I have been riding since '97 and am actually quite good. I spent a number of years as an instructor but work and life have gotten in the way. I have been happy with the '98 Burton Floater 158 that I got back then, but feel that it is past time for an upgrade. A few years back I upgraded bindings to Ride Preston EX, and boots to Burton Hails. As I mostly ride in the icy Midwest but occasionally get out west, I want an all-mountain board of some kind. 

I found a deal on a GNU Carbon Credit BTX 165W, so I snagged it up. When I got home though, I was shocked to find that the darn thing is barely any longer than my Floater and actually narrower where the bindings sit! I realize the running length has to be, but it just looks strange. I have always had trouble with heel and toe drag already and I don't want to be going backwards. As I am now in my mid-30's, the park riding is gone from me and I love raw, dirty speed and carving the crap out of the icy s*^%hole that is Alpine Valley. I will occasionally hit a jump or rail, but my job requires I stay in one piece and the mortgage comes no matter what.

I want to take this thing out and try the new tech, but if it is not going to be any better or possibly worse for me, I want to take it back while I still can. Any help would be appreciated!

Ryan
6'2"
215
size 12


----------



## CassMT (Mar 14, 2013)

overall length may be similar, but the effective edge is longer

back in the day i was always on a 168-171, now it's a 163 that is a bzillion times better for everything. 
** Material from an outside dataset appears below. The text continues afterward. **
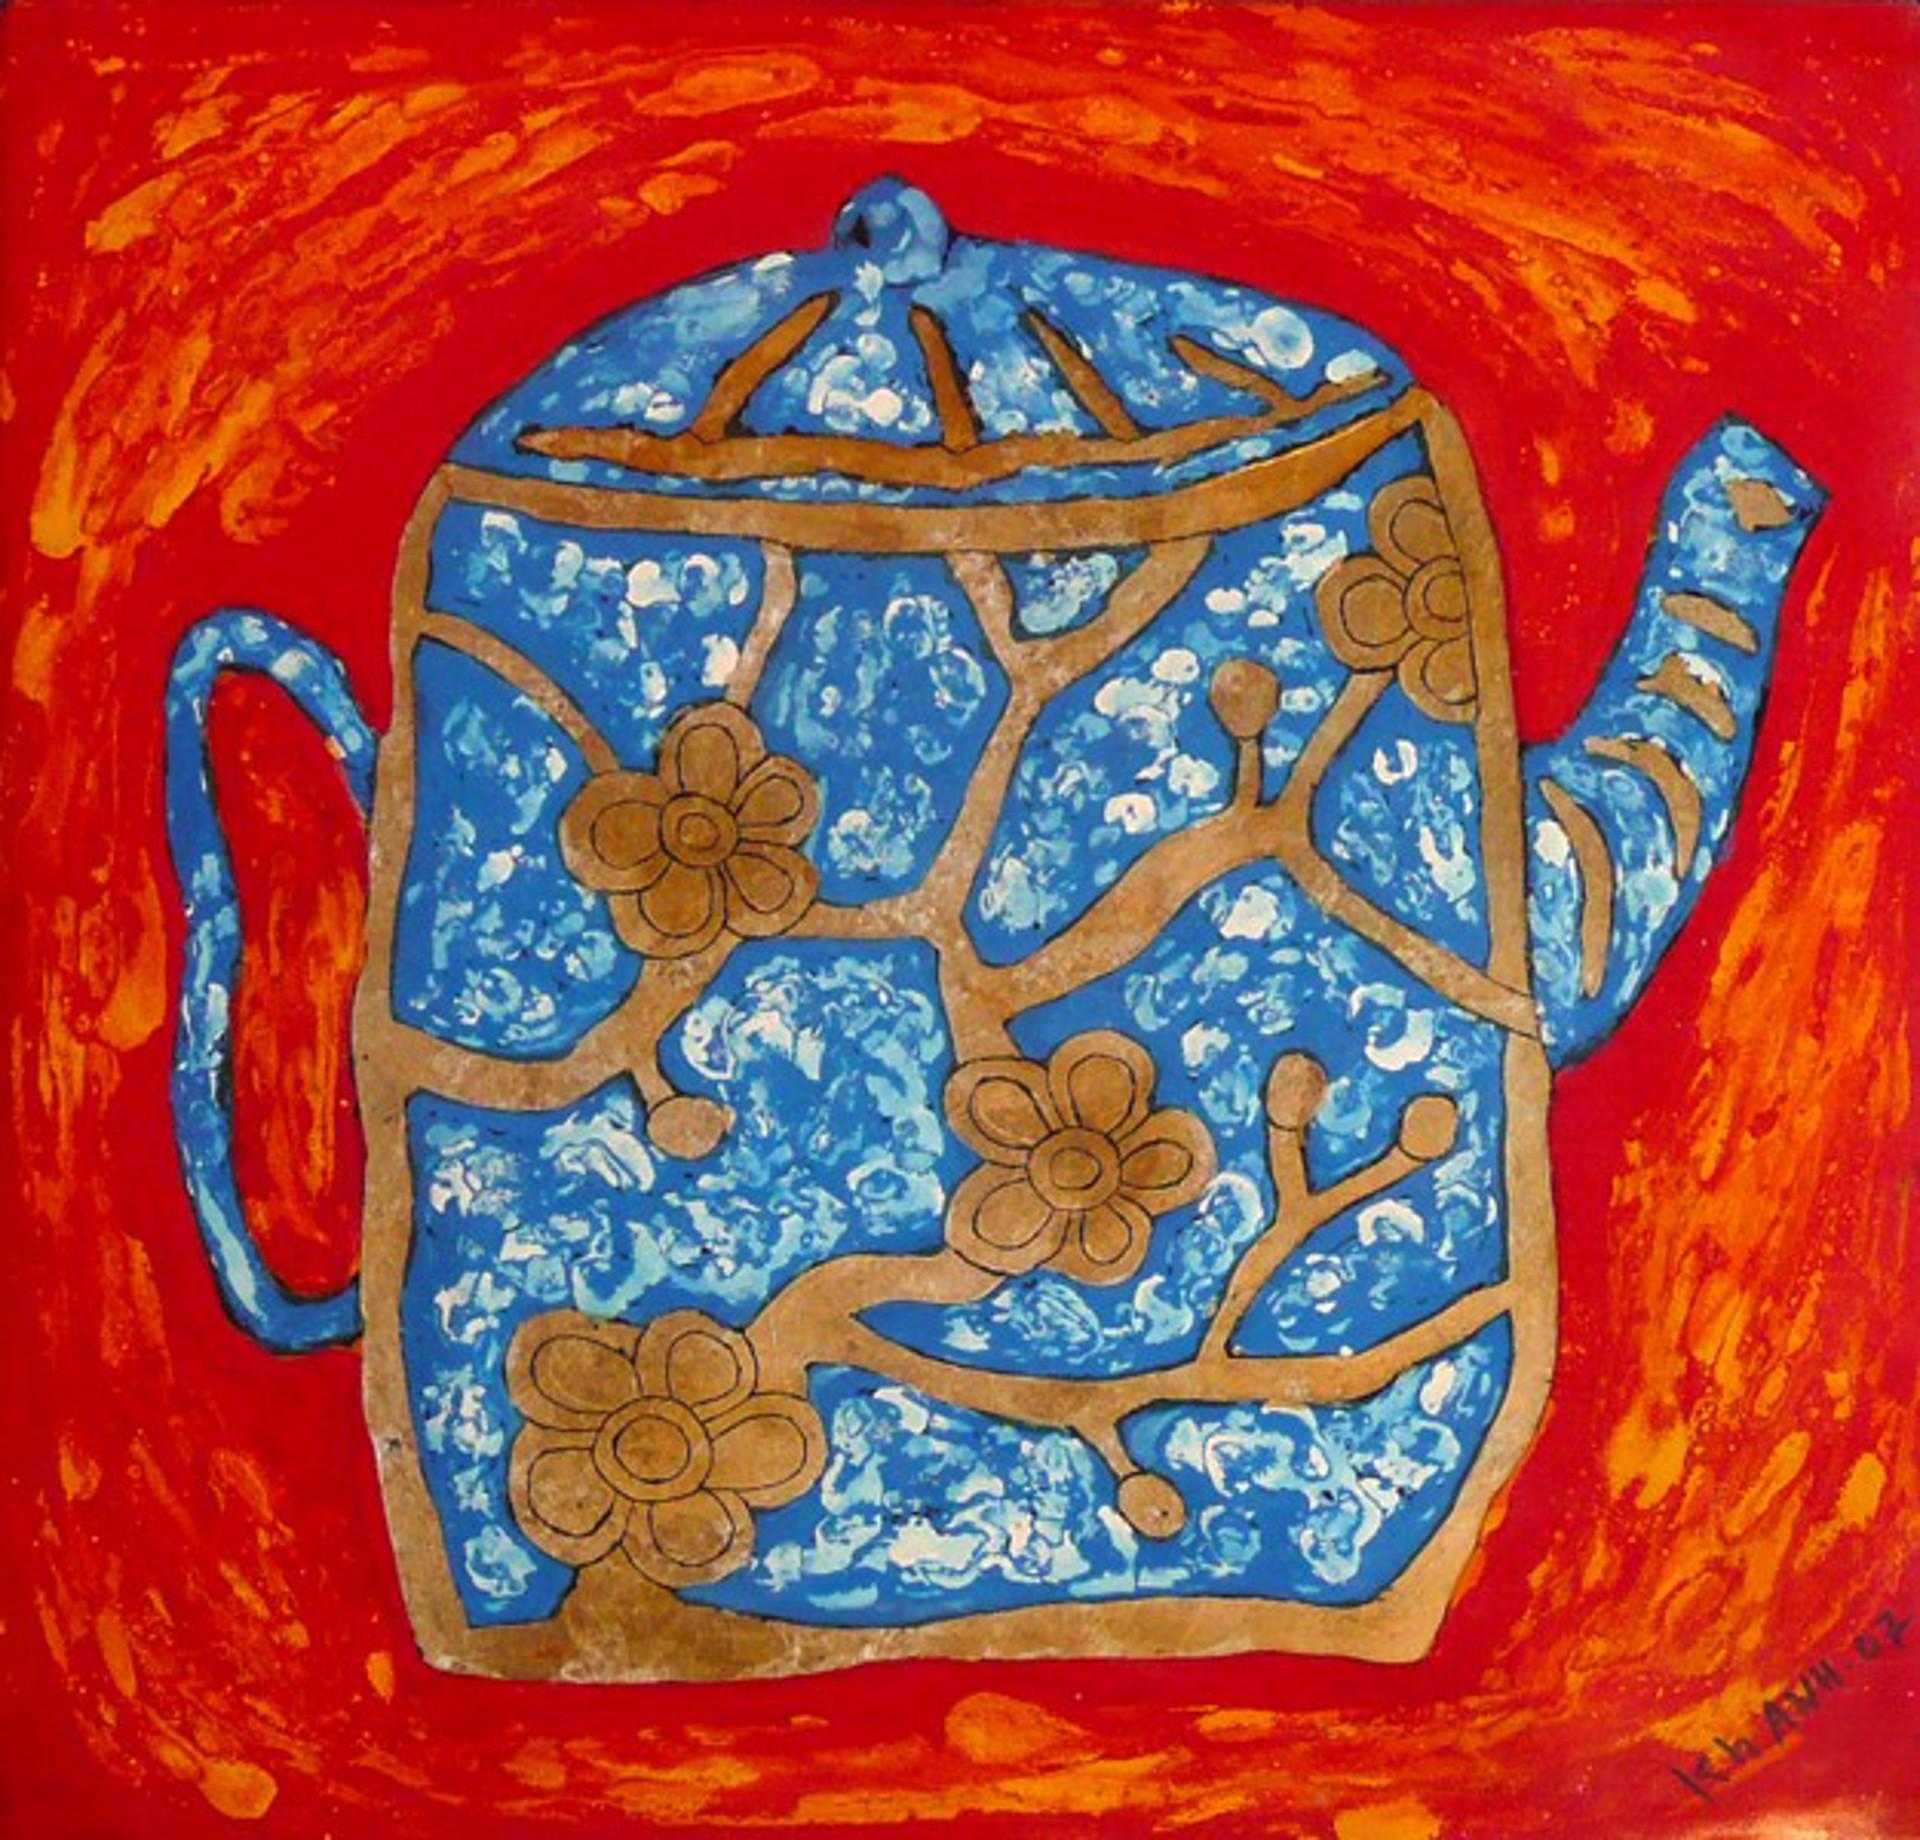 Blue Teapot by Bui Cong Khanh

give yourself a chance to get used to it, when you do you will see

*imo* keep it, though a 161-163 probably would have got you


----------



## pilotib (Jan 14, 2014)

Thanks for the reply Cass! All this new stuff is a bit mystifying to me as the new board would have looked broken to me if I saw it back then. Should I be worried about stepping down a bunch in relative quality? I see the edges don't wrap all the way around although I really don't try to run the tip/tail into rocks. Will I end up overpowering it? It's just hard justifying $800 on a board when I barely get out enough anyway. Sorry for being the new guy and asking a lot of questions. The search function is fantastic, but there are a lot of choices out there.


----------



## baldylox (Dec 27, 2007)

If your goal is carving, and are primarily in shitty conditions, camber > banana.


----------



## pilotib (Jan 14, 2014)

I just got back from my local board shop where a much more informed guy around my age seemed to have some good answers. I think I will be returning the GNU when I get back from my trip next week. He is steering me towards a cambered board and not going all that much longer, probably just to a 161. I happened to drag the Floater with me so that I could compare it to current wide boards and they were all narrower than mine. So now I am thinking :dunno: and I need to keep searching. His suggestion was for a wide Burton Custom X, but that would necessitate either new bindings or a hodgepodge setup. (Not to mention a LOT more money.)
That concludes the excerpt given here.